** GIVEN DATA follows **
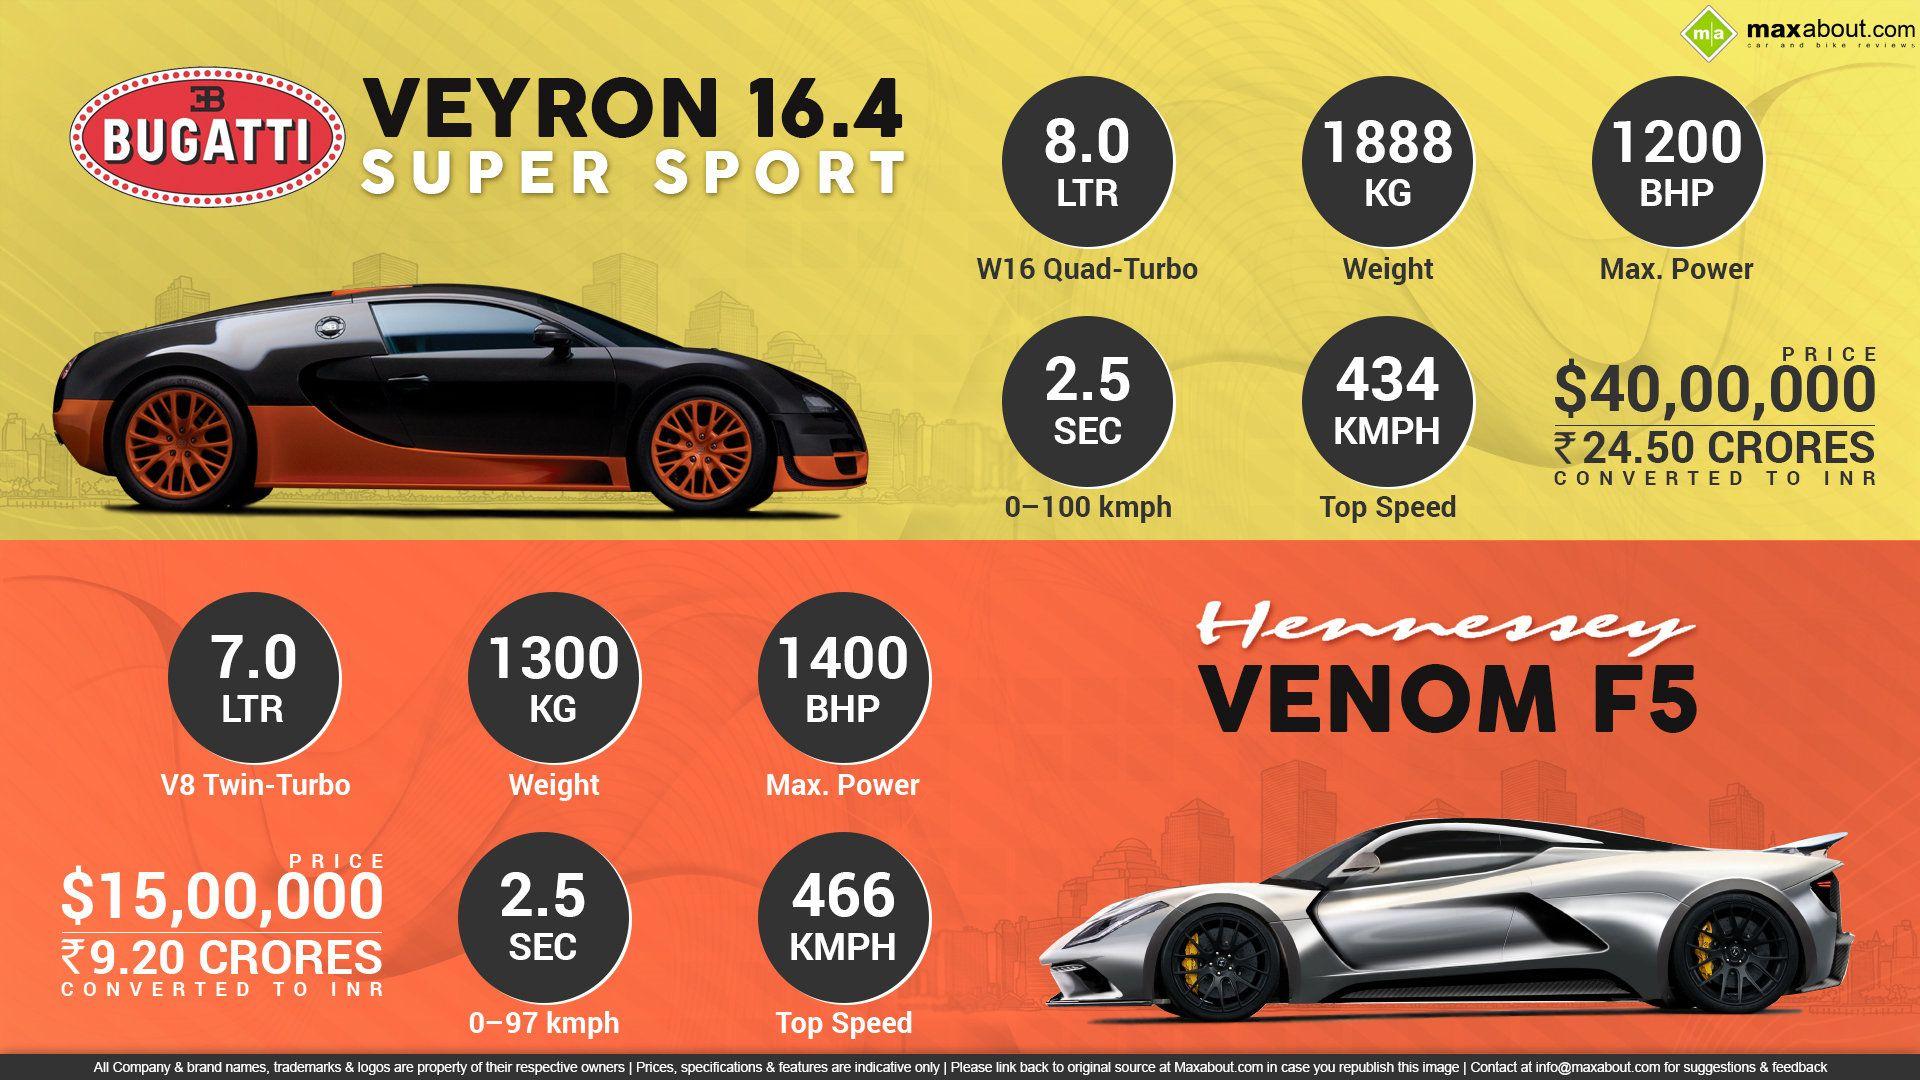 Hennessey Venom F5 Logo - Quick Comparison Veyron Super Sport vs. Hennessey Venom F5
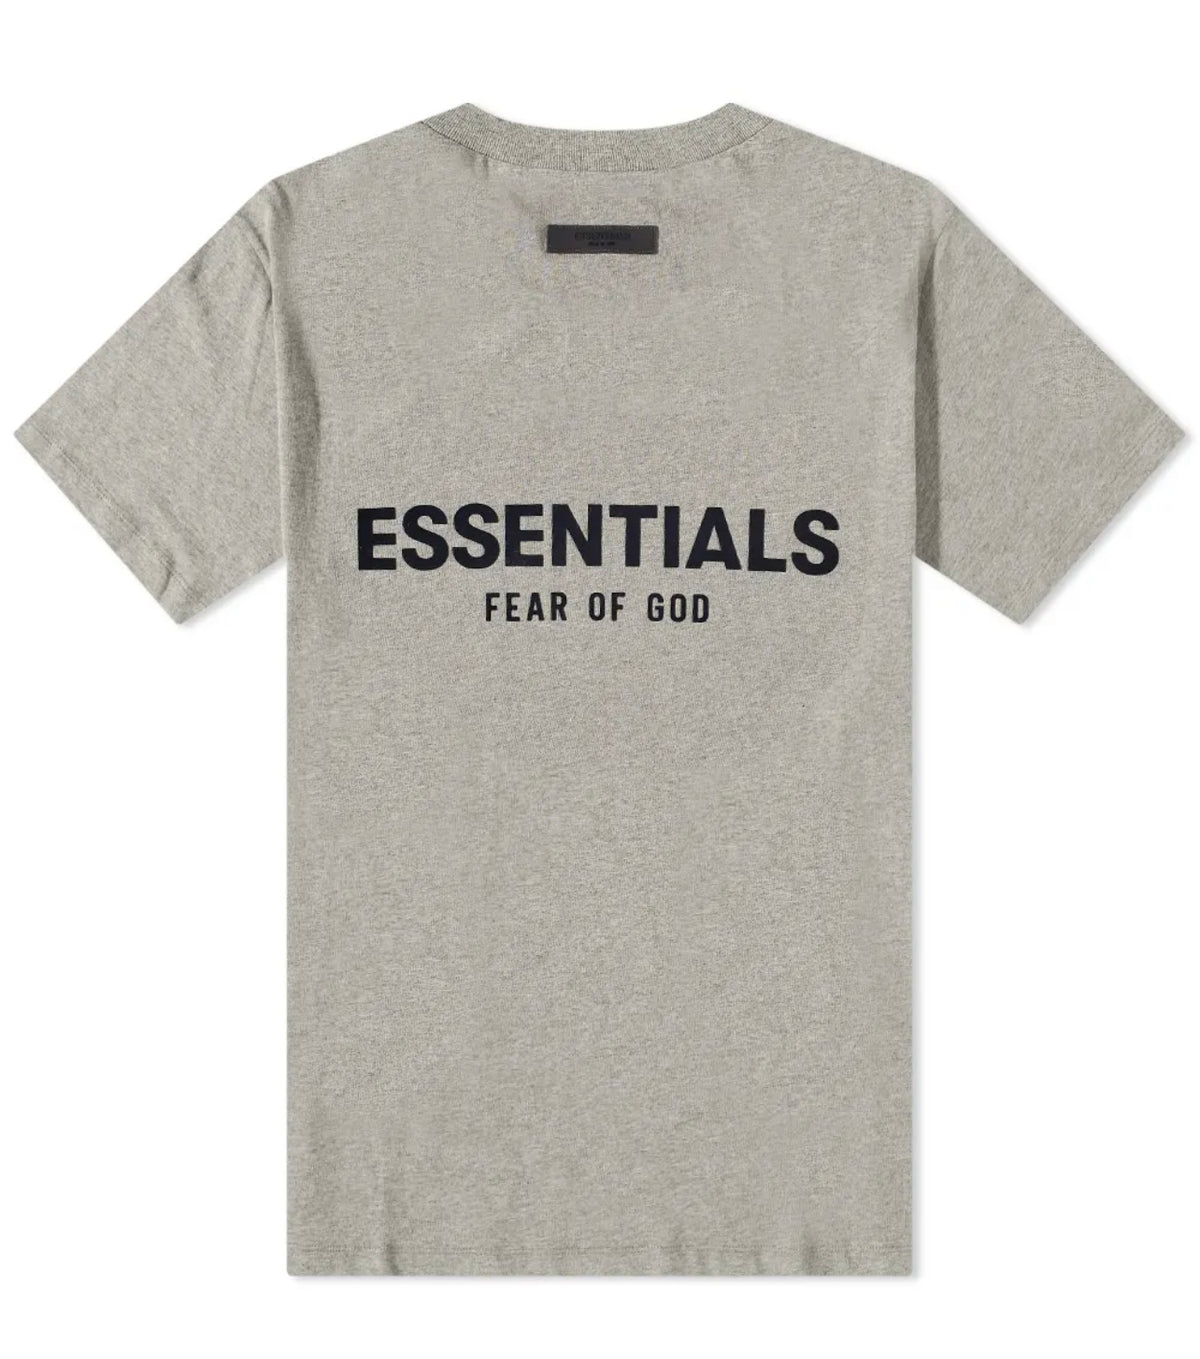 Fear Of God “Essentials” SS22 Dark Oatmeal Logo Tee
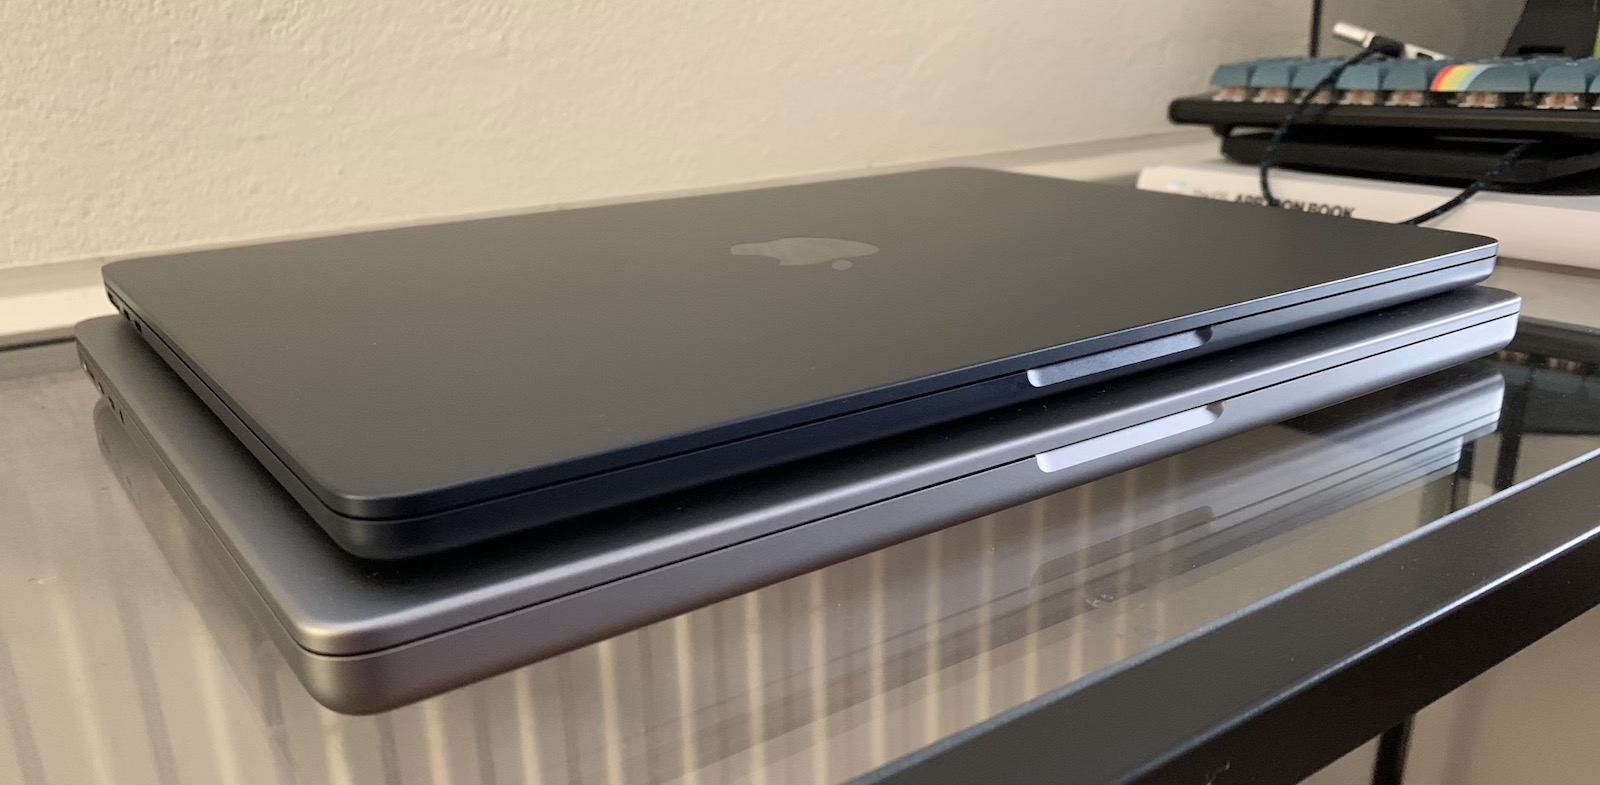 2022 Macbook air on top of 2021 Macbook pro 14-inch
** End of GIVEN DATA **
# EXERCISE INSTRUCTIONS
Exact copy, pictures removed: set down the whole listing above.

# RESPONSE
 Hennessey Venom F5 Logo - Quick Comparison Veyron Super Sport vs. Hennessey Venom F5
 Fear Of God “Essentials” SS22 Dark Oatmeal Logo Tee
 2022 Macbook air on top of 2021 Macbook pro 14-inch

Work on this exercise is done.